Services
Good data deserves to be remembered. The best way to keep data from being lost is to make sure it is properly archived. Many important data have been lost over time as storage devices become corrupted and fail, are lost, or are destroyed.
Research data repositories
Wherever possible, the best way to archive important research data is to upload it to a reputable data repository. When data is in your custody as a researcher, you often have to pay for storage and maintain appropriate regular backups to ensure files are not corrupted. Depositing in a research data repository means the repository curators take care of your dataset...so you don't have to! If you're depositing data, you can also easily make it openly available or share it with restrictions. Even if your dataset is too sensitive to be published openly, it can often be de-identified and deposited under restricted access to archive it.
Careful long-term storage
However, sometimes data is so sensitive it can't be shared publicly ever, even in a de-identified format. Even if you're not able to share or publish data openly, it's important to make sure data is carefully archived once a project is complete. You don't want to have a dusty hard drive somewhere full of disorganized files that is confusing when you open it up again. Hard drives and external storage devices also have lifetimes and will eventually fail and aren't suitable for long term archival. Our Research Data Storage Finder Tool has an overview of storage possibilities.
Before archiving data for long term storage, there are some preparations to make to your files:
- Ensure that the data is stored in sustainable, open file formats. Open file formats help ensure access to your data over the long term as proprietary software can disappear when companies go out of business.
- Clean up your files. Delete any files that are no longer relevant (provided you don't need to keep them for ethics purposes) and organize your files into understandable file names and folders to create an archive-ready package.

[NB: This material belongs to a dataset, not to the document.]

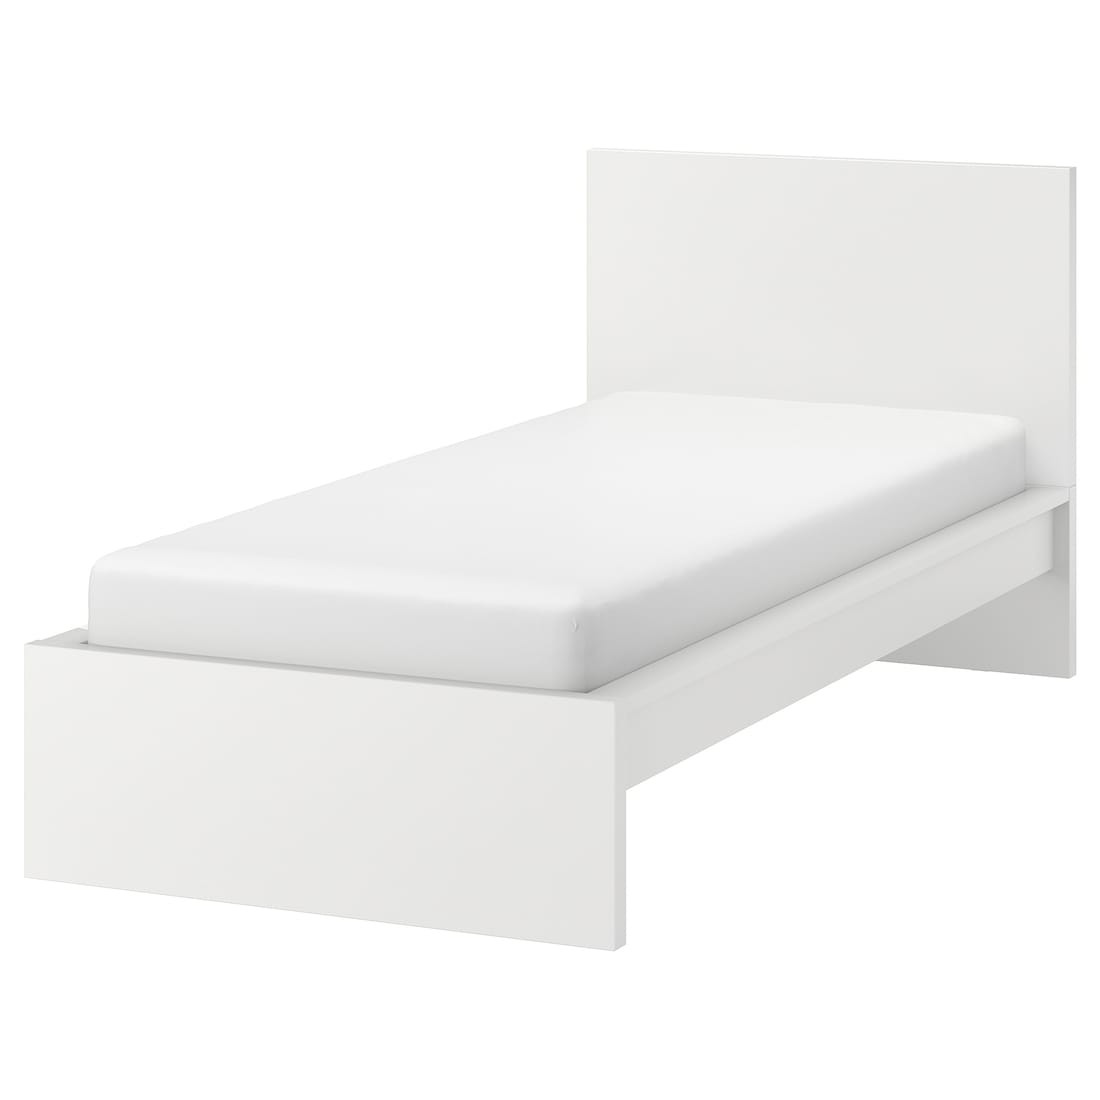 MALM МАЛЬМ Кровать односпальная, высокий, белый / Линдбаден, 90x200 см

- Data should be well documented and easily understandable. Research data should be packaged with metadata, so-called ‘data about data’. These files help your future self unpack and understand your files and how they were created. Data documentation is commonly included in readme files, codebooks, or data dictionaries. Metadata should include information about:
- File title, file format, language, creator, and date
- Data variable descriptions, including data type, allowable values, and calculations used (if applicable)